How I Met Dante

Ever notice that a dog is a great way to get a quick handle on a person or family that you don’t know very well? A big claim, maybe, but I’ve found that canines can clue you into a lot. Put me in a room with a person (or family) and their dog and I can figure out more about them in an hour than spending a week with someone who doesn’t have a pet. Just the type of dog they own is a huge insight. Then there’s the level of interaction and the general attitude of the dog—its playfulness and attention to its owner and vice versa. These are all pieces of a puzzle that reveal a lot about the people who own a pet.

Dante before chemo
Dante in his prime.

I bring this up because I recently met someone extraordinary. Someone I never knew existed and who suddenly popped into my life this year with great consequence. It was my sister, Gay, who we discovered because of a DNA test my brother took with 23 And Me, a company that does DNA testing for ancestry, wellness and genetic health risks. Given a test kit as a gift from a friend, my brother followed the directions and sent it in, hoping to find out something about our ancestry mix and what parts of the world we originally came from. Little did he imagine it would lead to finding out that we have a half-sister, a daughter that my father had before he married our mother and raised a family of four sons—a daughter that he probably never knew about or, if he did, never acknowledged.

To find out I had a sister at 60 years old was quite a revelation. It was even more stunning because I had just lost my best friend to lung cancer two months before. It was an incredible reversal of fortune, moving from tragedy to joy in losing a friend and then suddenly gaining a family member. Next thing I knew I was on the phone with her and we’re both laughing and crying, amazed at this gift that had suddenly been bestowed, as if fallen out of the sky. I could only imagine how it was on her end, an only child finding out she now had three brothers. Suddenly there was a desire to get to know each other as soon as possible to make up for lost time, leading to endless Facetime chats and trying to figure out how this all came about. But, since it all happened so long ago—and everyone who could answer any questions had long since passed—there was no getting to the bottom of it. No real clarification. Only one faded old picture of our father with Gay’s mother, which made it somehow even more mysterious and wonderful.

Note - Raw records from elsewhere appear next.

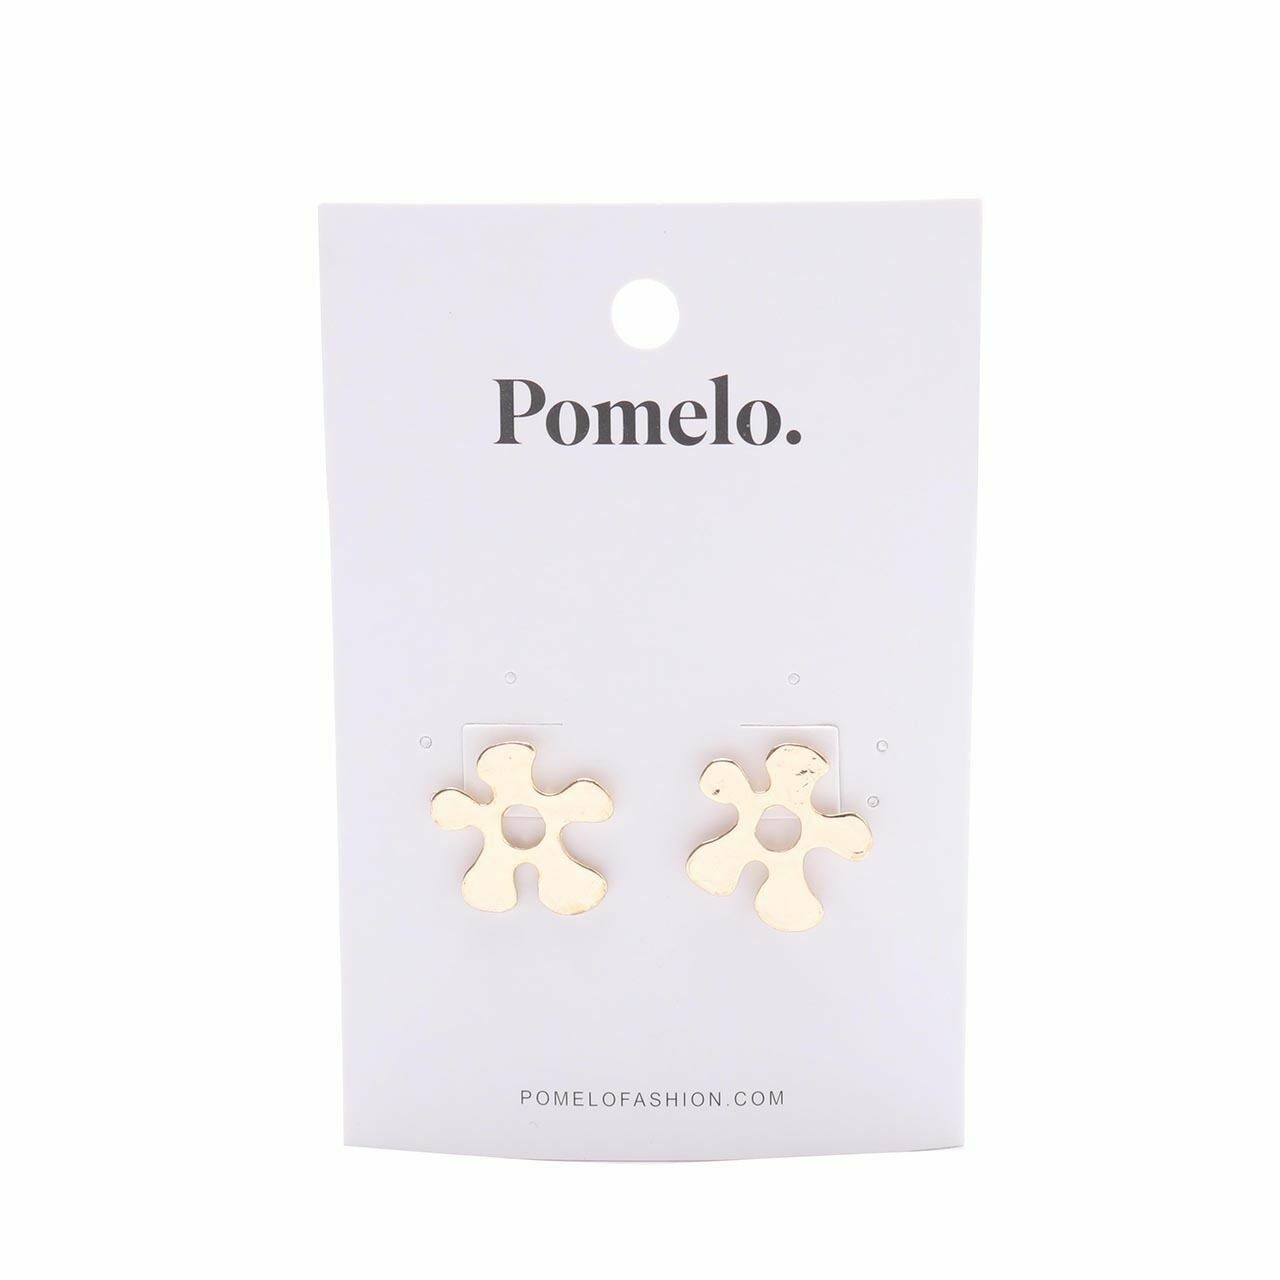 Pomelo. Gold Earrings Jewelry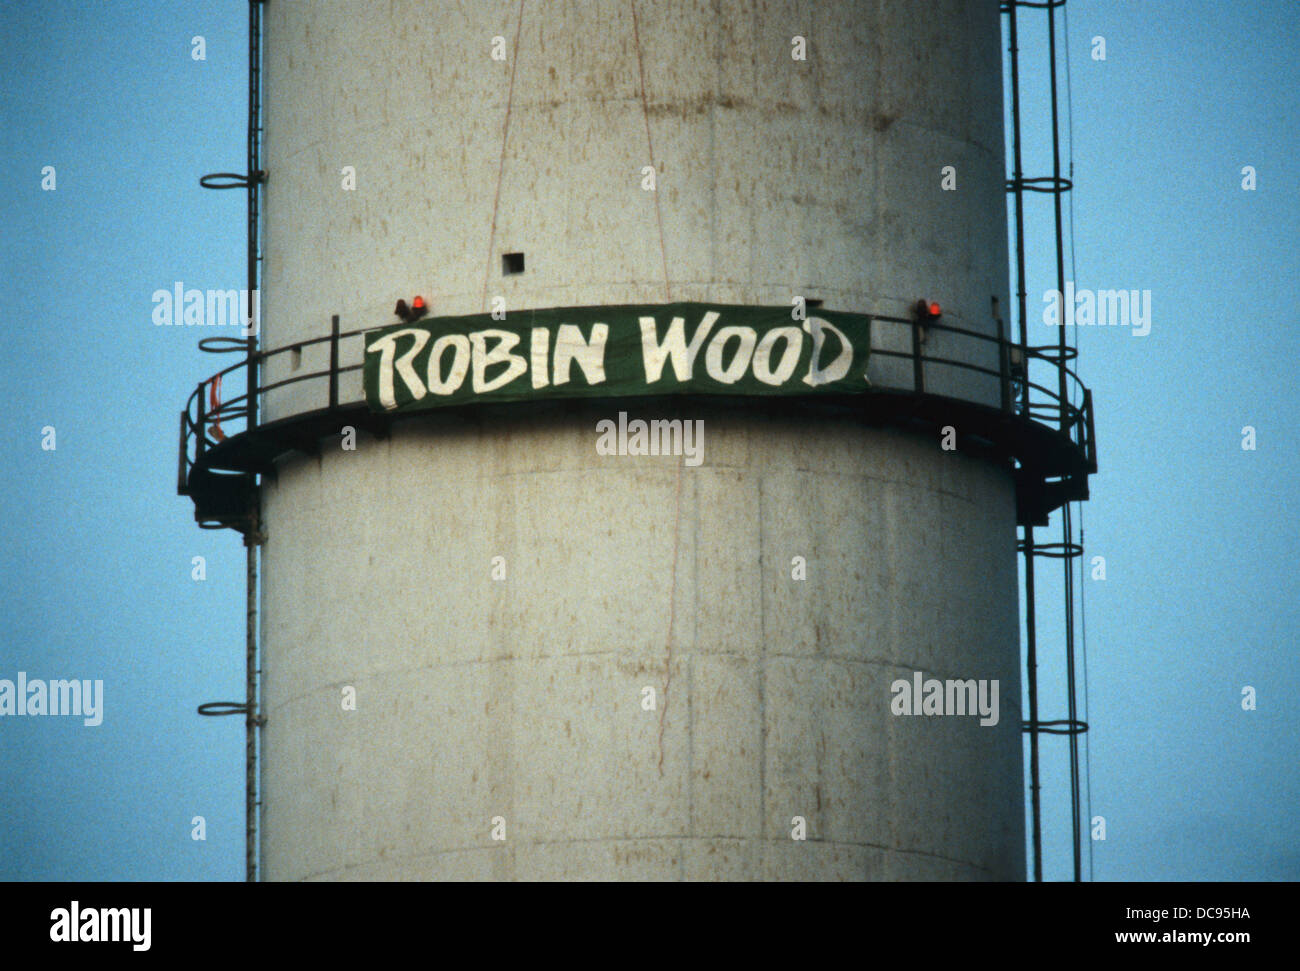 Umwelt-Protektoren von Robin Wood-Protest gegen die Umweltbelastung am 6. Dezember 1983. Stockfoto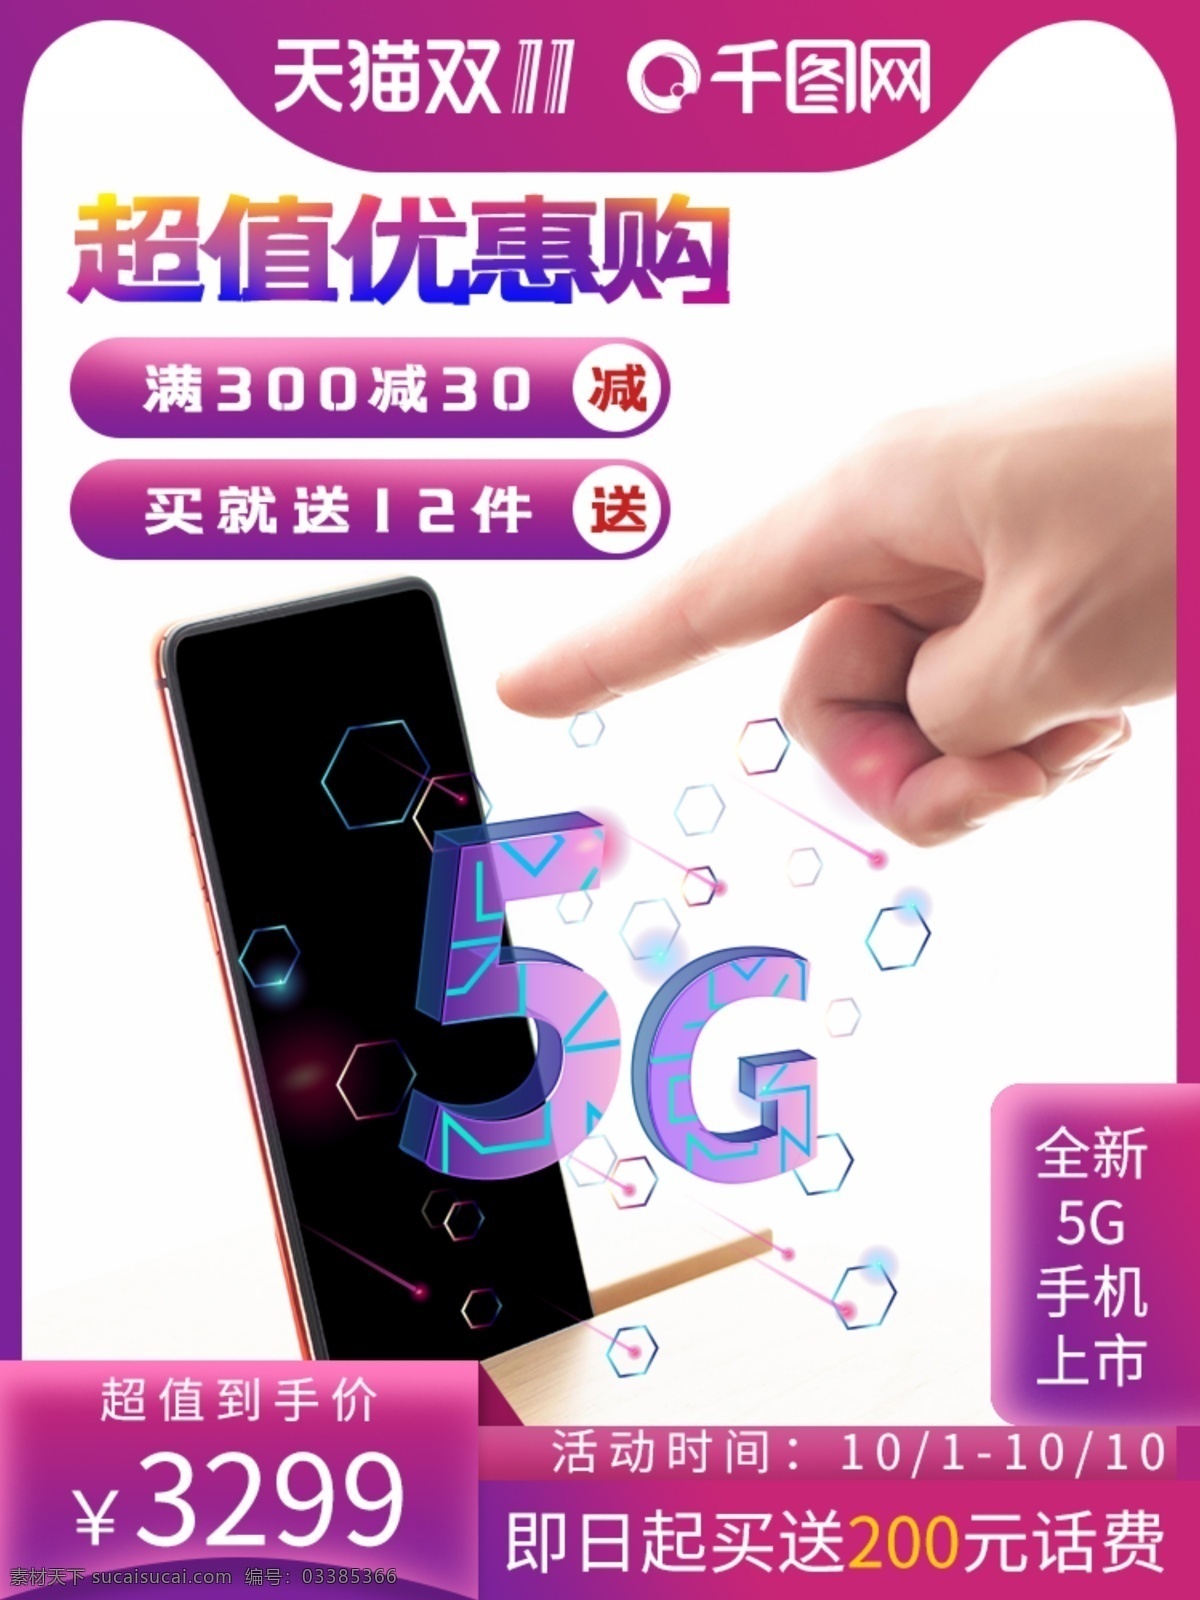 5g 手机 双十 天猫 淘宝 竖 版主 图 国庆 首 钻展 首焦 紫色 渐变 数码电器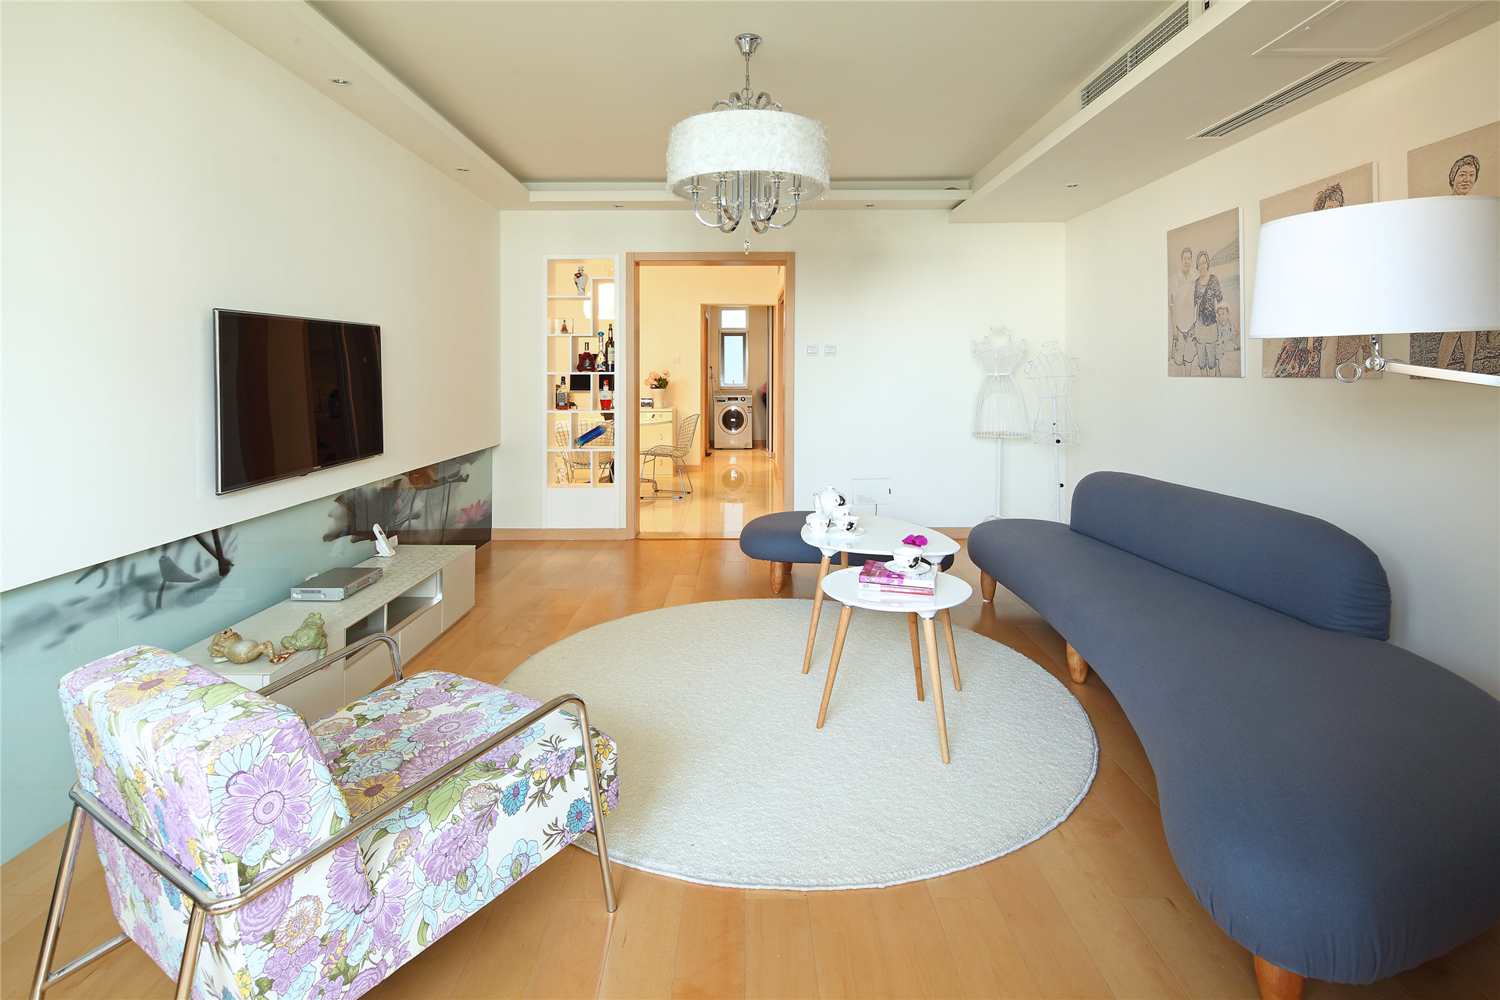 客厅-中色彩多偏重于原木色形成朴素的自然风格。

All that was left, then, was to make plans to get together, which we did. First, she flew to New York with her husband, Allen, where my brothers and I spent three days together with them, mostly in a Marriott, starting to get to know each other. Who looks most like who? What physical traits do we share? What did we all do for a living? How many kids, if any, do each of us have? Do we have any personality similarities? And, finally, the big question: Do we actually like each other? The answer to the last question turned out to be a resounding Yes, so much so that we made plans to visit her at her home in Arizona in the very near future.

Dante during chemo.
Dante fighting the good fight.

And that’s where Dante comes in—her amazingly smart standard poodle who greeted us at the door when we arrived. He was tall and alert, but a little wary of our presence, as if quietly assuming protection mode for Gay and Allen. After a short time, though, he warmed up and was licking our legs and happily taking the treats that we offered him. Unfortunately, though, Dante, who is 10 years old, has a very aggressive form of lymphoma. Gay found out about the cancer after we met and I could tell she was devastated, though committed to taking the right course of action. No treatment if it would make him sick or cause pain, and only pursuing it if it would extend his life—all compassionate and intelligent considerations that gave me a better insight into my new sister. After she met with the vet, she decided to go ahead with the treatment and, as of now, Dante is in complete remission, though the cancer cannot be cured. The only real visible sign of the chemo is that he’s lost his beautiful dense, white curly fur and now has the look of a tough but ever optimistic streetfighter. Otherwise, he’s nimble and quick and concentrated on Gay and Allen’s every move, as they are on his.

On the last morning of our visit, as I watched Gay serve Dante a breakfast of freshly cooked eggs, I wondered if our love for animals was another one of the many genetic traits we shared or whether it was just a coincidence.  Who knows? In the amazing saga of our coming together, it would have to be just another unanswered question. One thing is for sure, though, is that watching my sister and her husband take care of their dog in such a loving way made me realize that no matter what life throws at us, it is short, sweet, tenuous and, above all, endlessly full of surprises.